Постепенно люди отходили от двери. Был здесь и повар «Города Киева», и человек, чинивший стулья и оказавшийся без ноги. Они вытягивали шеи по направлению к Илье, но Илья терялся: он решительно не знал, что им сказать, — уж очень не приучен был говорить да и столько писал он им обо всем!
— Вот мы о детях говорим. Главное дело на земле — семейственность. Если женщина в доме — иначе все идет, если старшой есть — все спорится лучше. Казаки в Пиренеях, слух идет, сильно страдают от отсутствия хозяек: у них инвалиды посуду моют, рубахи чинят, вместо женщин.
Кое-кто улыбнулся, Илья и сам был не прочь кончить шуткой. Но в это время кто-то шумно взбежал по лестнице.
— Мама! — крикнул за спинами стоящих детский голос, и такая тоска, такой страх были в этом крике, что люди у двери расступились. Илья увидел, между двумя рядами их, мальчика с перочинным ножом в руке, того самого, что стоял давеча у окна. Он был так бледен, что казалось, его сейчас начнет тошнить или он упадет в обморок. Мгновение стоял он на пороге и вдруг в судорогах, с долгим пронзительным воплем кинулся к Марине Петровне.
— Пашка помер! — закричал он и забился у нее в руках.
Все бросились во двор.
Марина Петровна брызнула сыну в лицо холодной воды, мальчика сводило от рыданий, его уложили на тахту. Мамаша господина Расторопенко, крестясь, стала вновь развешивать куклы.
Илья встал. В общей суматохе его не удерживали, да и стоило ли прощаться — раньше, чем через неделю, он встретит всех на полях далекого Прованса. Правда, около четверти часа он еще проговорил с Расторопенко на лестнице. На имя Расторопенко должны были прийти прогонные. Да! Чуть не забыл: передайте всем, что они будут застрахованы на месте…
Во двор толпились любопытные; маленькая дверь в подвал была приоткрыта. Кто там убивался над трупом Пашки? Отец? Мать? Пока еще никто, пока суетились там чужие женщины. Матери и вообще-то не было, отец должен был прийти домой не раньше ночи.
Кое с кем Илья простился; Петр Иванович, сапожник, попросил у него папиросу. На ветру поймал он огонь спички в ладони Ильи. И вновь потянулся безлюдный тупик, улица, другая.

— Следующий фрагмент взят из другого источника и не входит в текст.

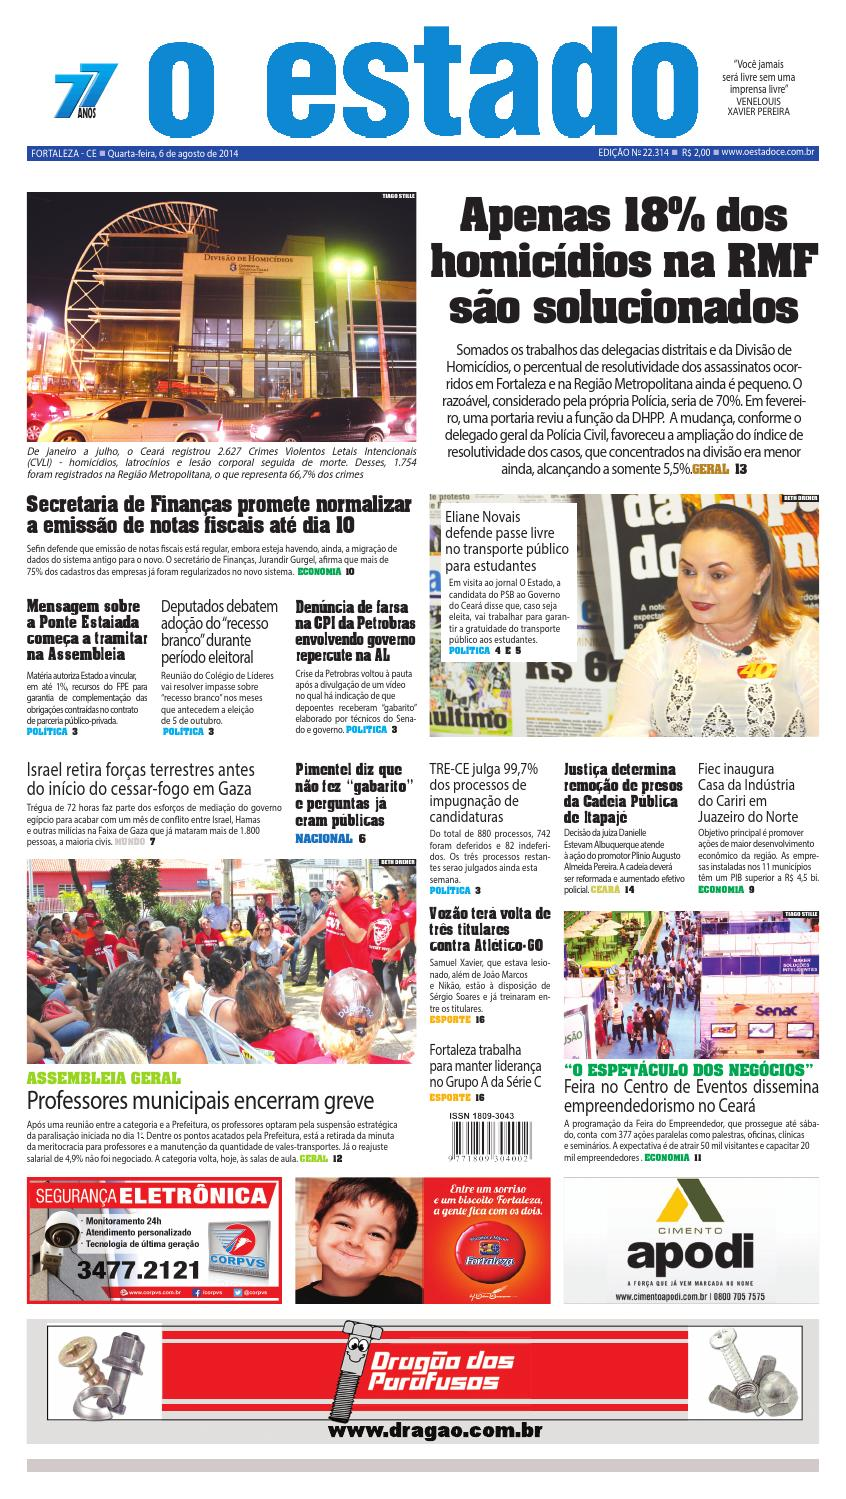 Edição 22314 - 06 de agosto de 2014 by Jornal O Estado (Ceará) - issuu ea4fc90d04a25

Вновь загалдел, засновал народ, и вновь Илья пошел через весь город: пришло время описать нам посещение им некоего общественного деятеля.
Человек, которого решили мы иначе, как Деятелем, не называть, по той причине, что он живет и действует среди нас, жил в маленькой опрятной квартире возле парка у Монсо, обставленной еще до войны, в те времена, когда сам Деятель был выслан из России за революцию 1905 года. Был он холост, жил с сестрой, старше его лет на десять. У него были книги, была собака, и в этих стенах, где когда-то щурился Виктор Чернов, где нервно поправлял манжеты Савинков, Деятель чувствовал себя спокойно и ясно. Правда, в последнее время, особенно когда он смотрел в окно на решетку парка и на детские колясочки за нею, ему приходилось испытывать как бы некоторое беспокойство. Сам он не очень понимал, что именно с ним происходит. От себя скажем, что причин беспокойству его было три: масонство, желудок и расселение русских беженцев на французской земле.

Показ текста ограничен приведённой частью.